Как только император прочел представленный Рузским текст переговоров, он встал из-за стола и, подойдя к окну, уставился на шелк занавесок. Генерал тоже поднялся. Стало ясно, что царя гонят с престола. Уже не парламентского министерства добивались, а отречения.
— Я знаю мысли и желания думских кругов, но этого мне недостаточно, чтобы принять важное решение. Дума никогда не была выражением чувств и пожеланий народа. Существуют силы гораздо более важные. Под моей командой двенадцатимиллионная армия; к ее голосу я больше должен прислушиваться…
Император не успел договорить, как вошел камердинер с серебряным подносом и подал Рузскому конверт. В нем — телеграмма от генерала Алексеева, адресованная всем главнокомандующим фронтами. Наштаверх сообщил, что Родзянко телеграфировал ему о невозможности умиротворения страны и продолжения войны без отречения императора Николая II в пользу сына при регентстве великого князя Михаила Александровичи. Сам наштаверх склонялся к тому, что это единственное средство сохранить армию от развала, спасти независимость России и довести войну до успешного конца.
«Если вы разделяете этот взгляд, — писал он, — не благоволите ли телеграфировать весьма спешно свою верноподданническую просьбу его величеству, известив меня».
Когда Рузский показал телеграмму государю, у того, как при чтении очередного министерского доклада, не обнаружилось ни малейшего движения в лице. Он только спросил, что теперь делать. Генерал отвечал, что так как Алексеев своей телеграммой вовлек в обсуждение вопроса о судьбе трона всех главнокомандующих фронтами, то сама логика подсказывает ничего не предпринимать до ответа всех главкомов.
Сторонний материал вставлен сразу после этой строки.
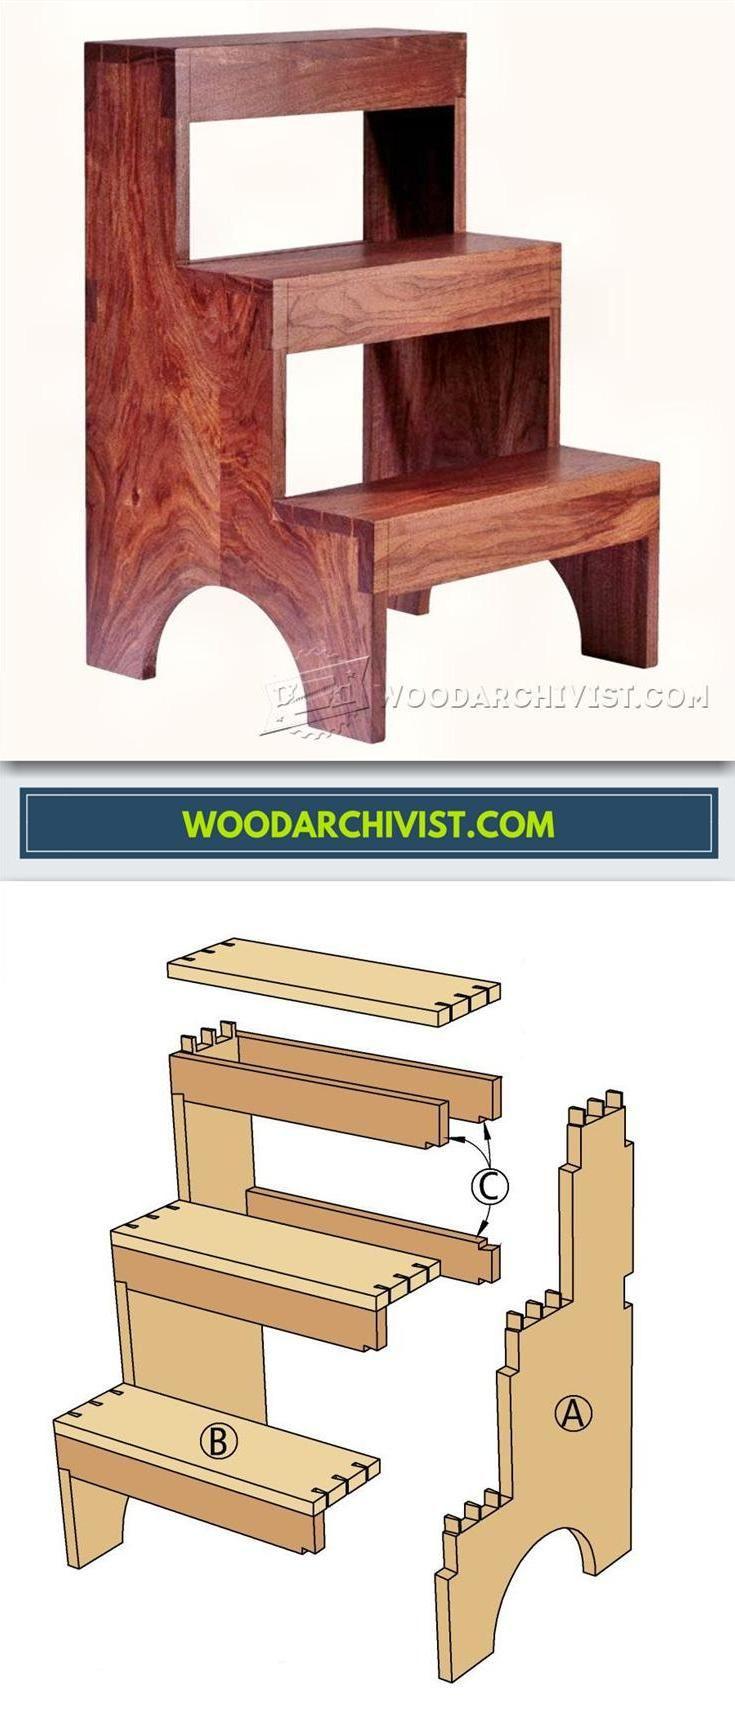 Diy Stepstool Furniture Plans And Projects Woodarchivist Com

— Да, вы правы, — согласился государь.
Острота минуты не по Юзу, а по какому-то беспроволочному телеграфу передавалась в свитский салон.
Адмирал Нилов бегал взад-вперед; вечно молчаливый Нарышкин признался, что чует недоброе, а с генералом Дубенским случилась истерика. Он бросил об пол свою тетрадь и затрясся в беззвучном плаче. Когда к нему сбежались и начали приводить в себя, он встал и гаркнул, как на смотру:
— Шапки долой! Российская империя погибает!
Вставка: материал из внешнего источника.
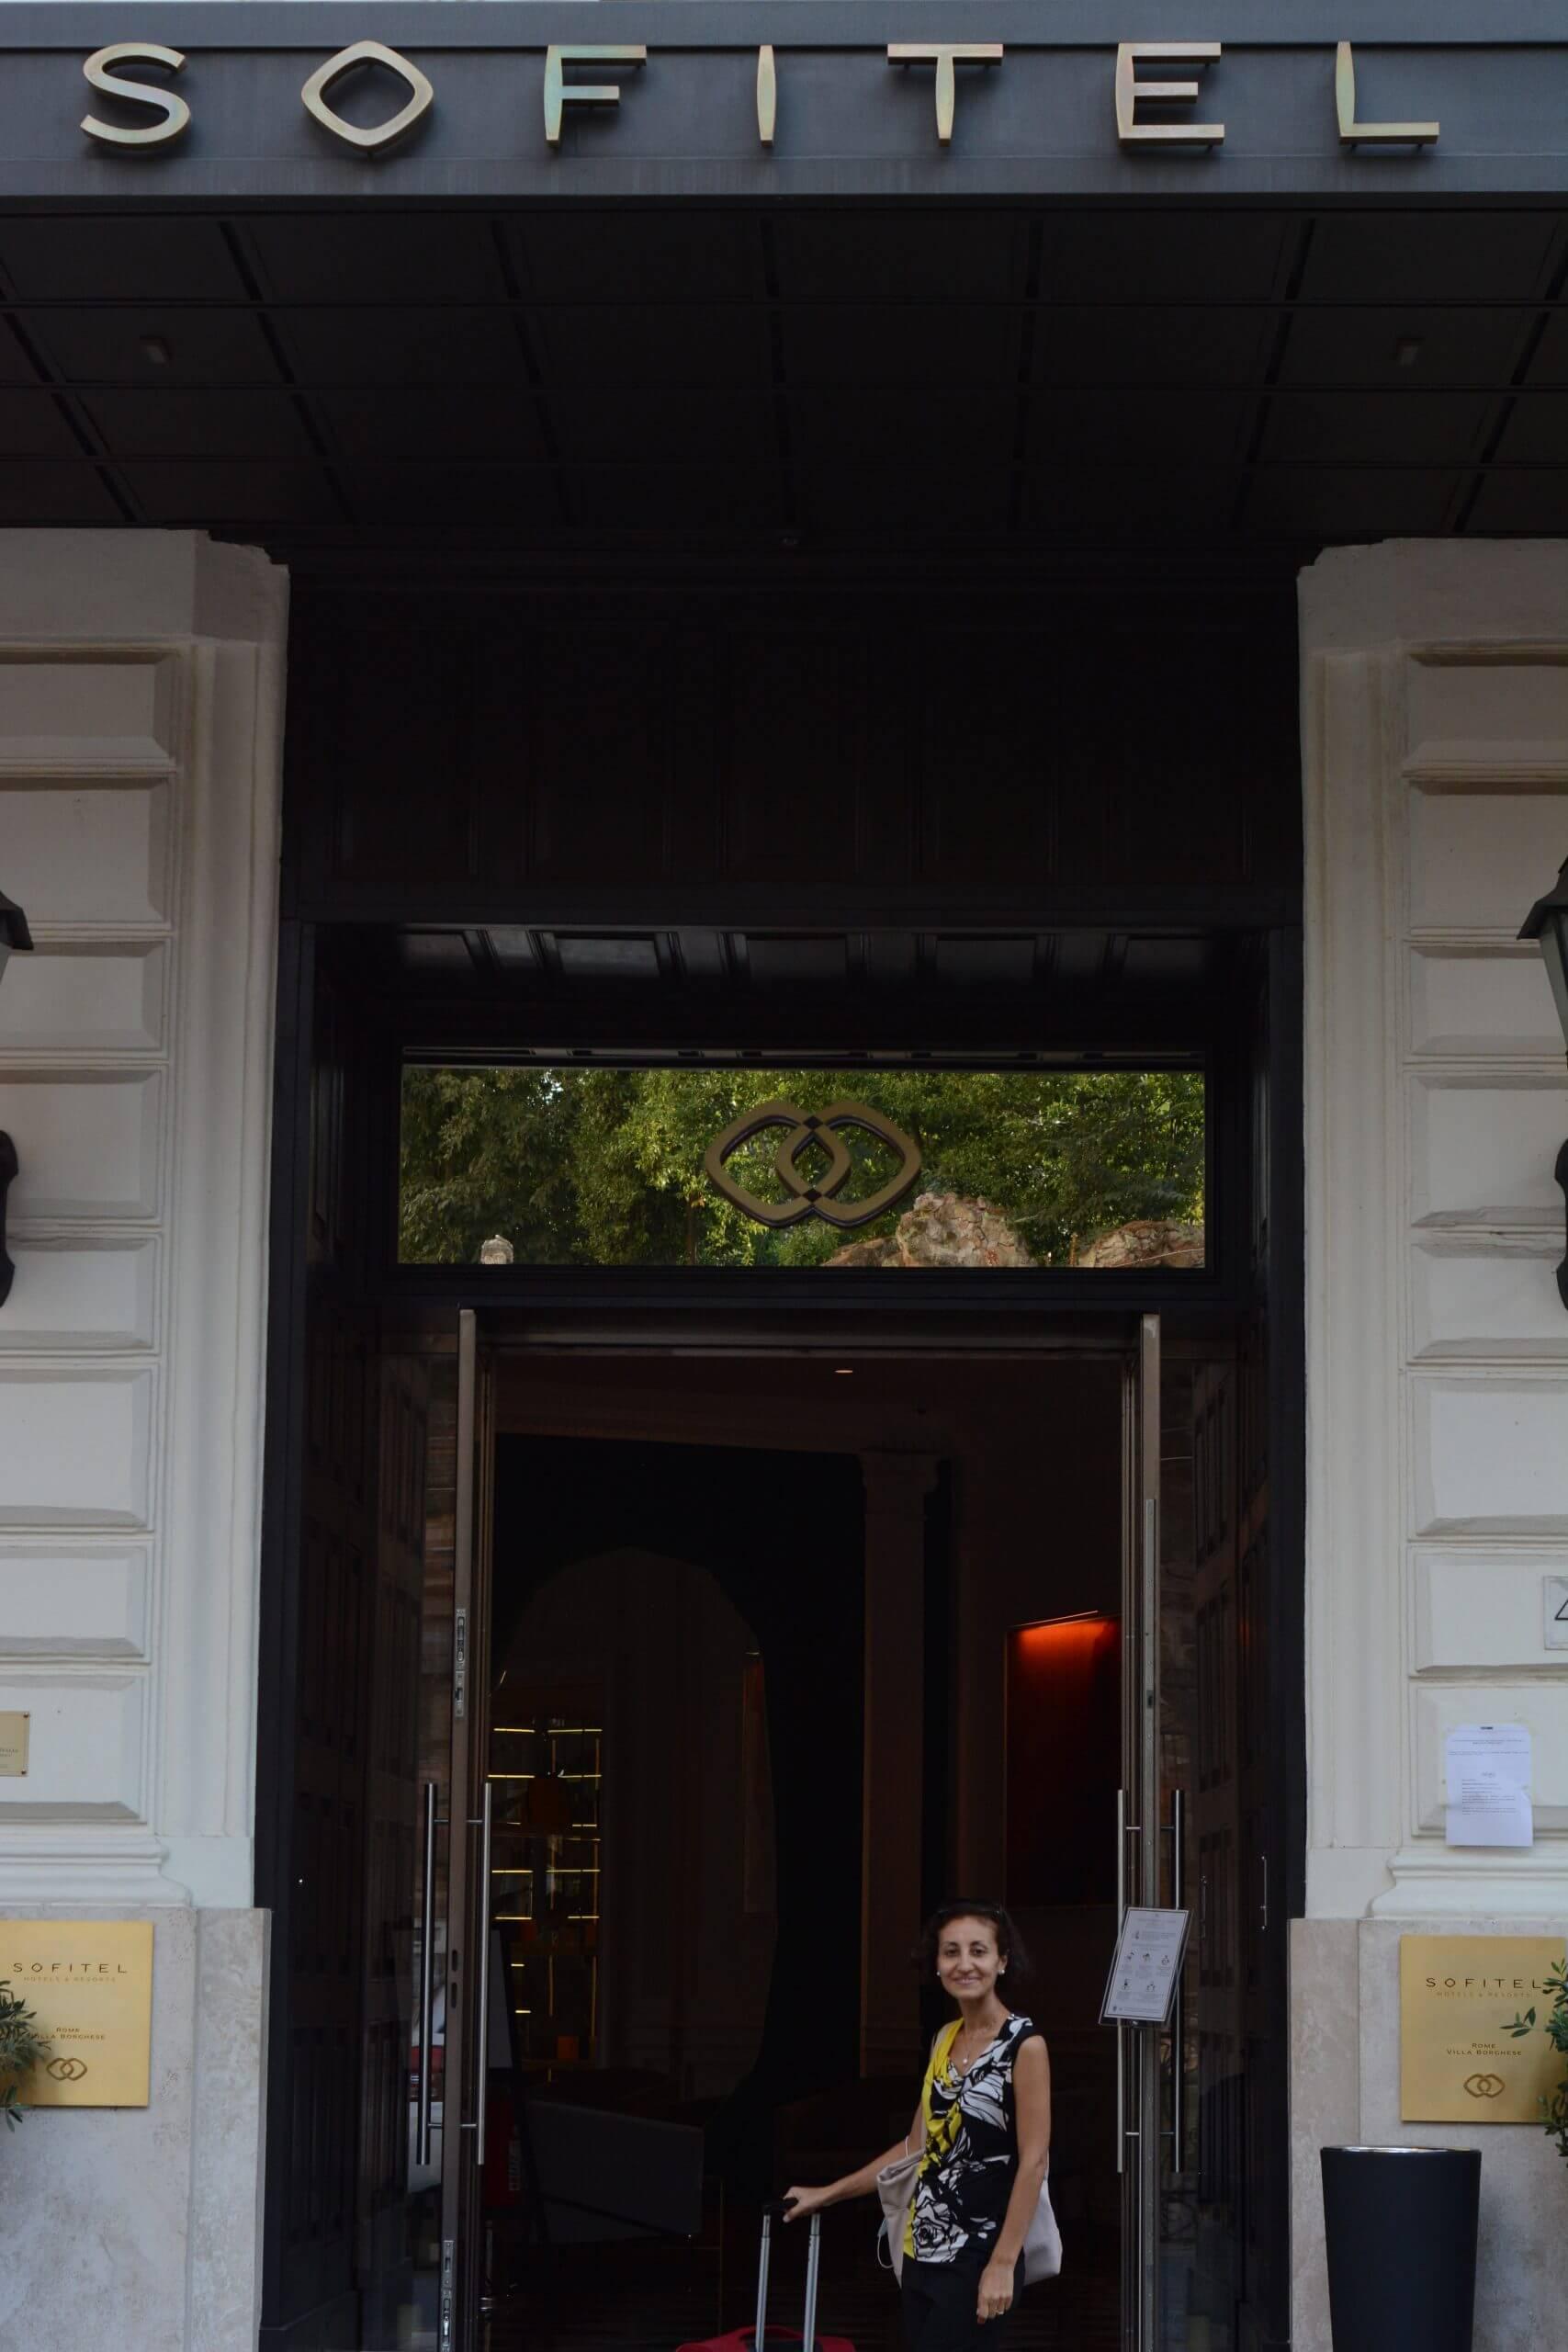 Entrance: Lobby of Sofitel Rome Villa Borghese

В половине третьего Рузский прибыл с Даниловым и с генералом Савичем. Император попросил всех сесть, но сел один Рузский, Данилов и Савич остались стоять.
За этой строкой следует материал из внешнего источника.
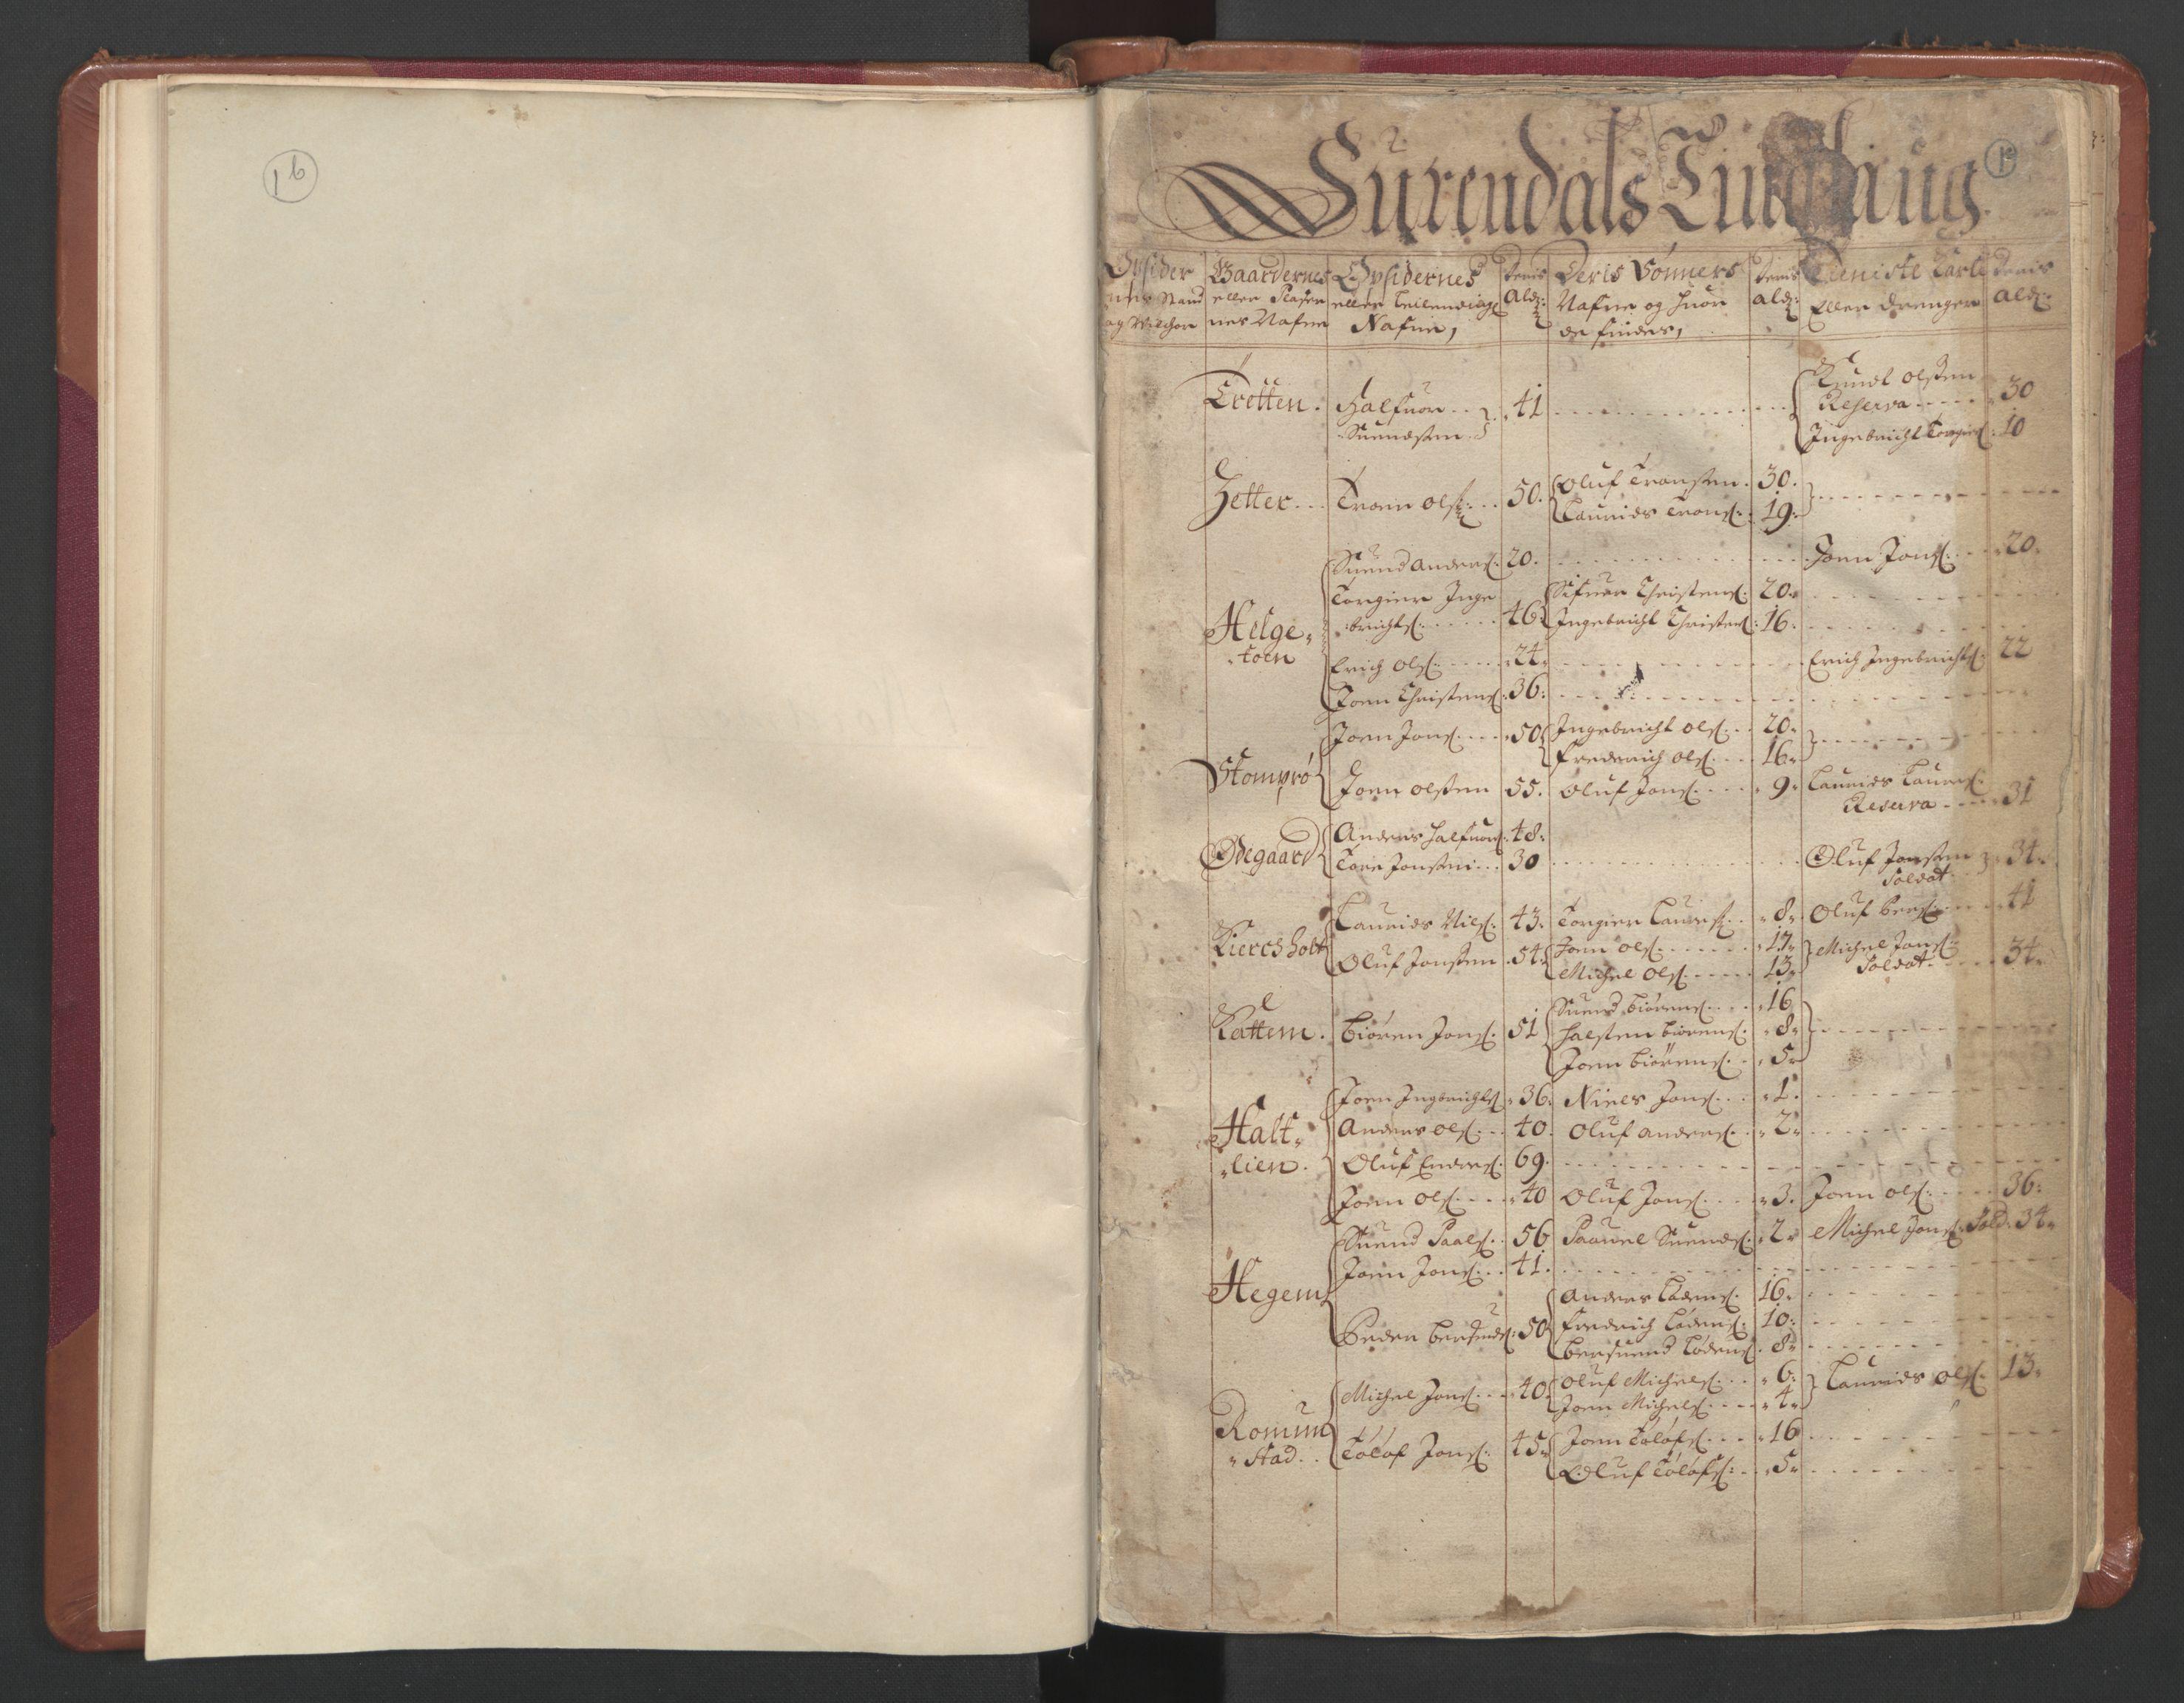 RA, Manntallet 1701, nr. 11: Nordmøre fogderi og Romsdal fogderi, 1701, s. 1b-1c

Генералов удивило желание государя начать доклад не с политических вопросов, а с положения на фронте. Рузский в несколько минут сделал краткий обзор военных действий, а потом перешел к сообщениям из Царского Села. Рассказал о слухах касательно собственного конвоя его величества, будто он вступил в переговоры с Думой и хотел арестовать тех офицеров, что продолжали оставаться верными царю. Сообщил о великом князе Кирилле Владимировиче, ходившем с красным бантом во главе флотского экипажа к Думе.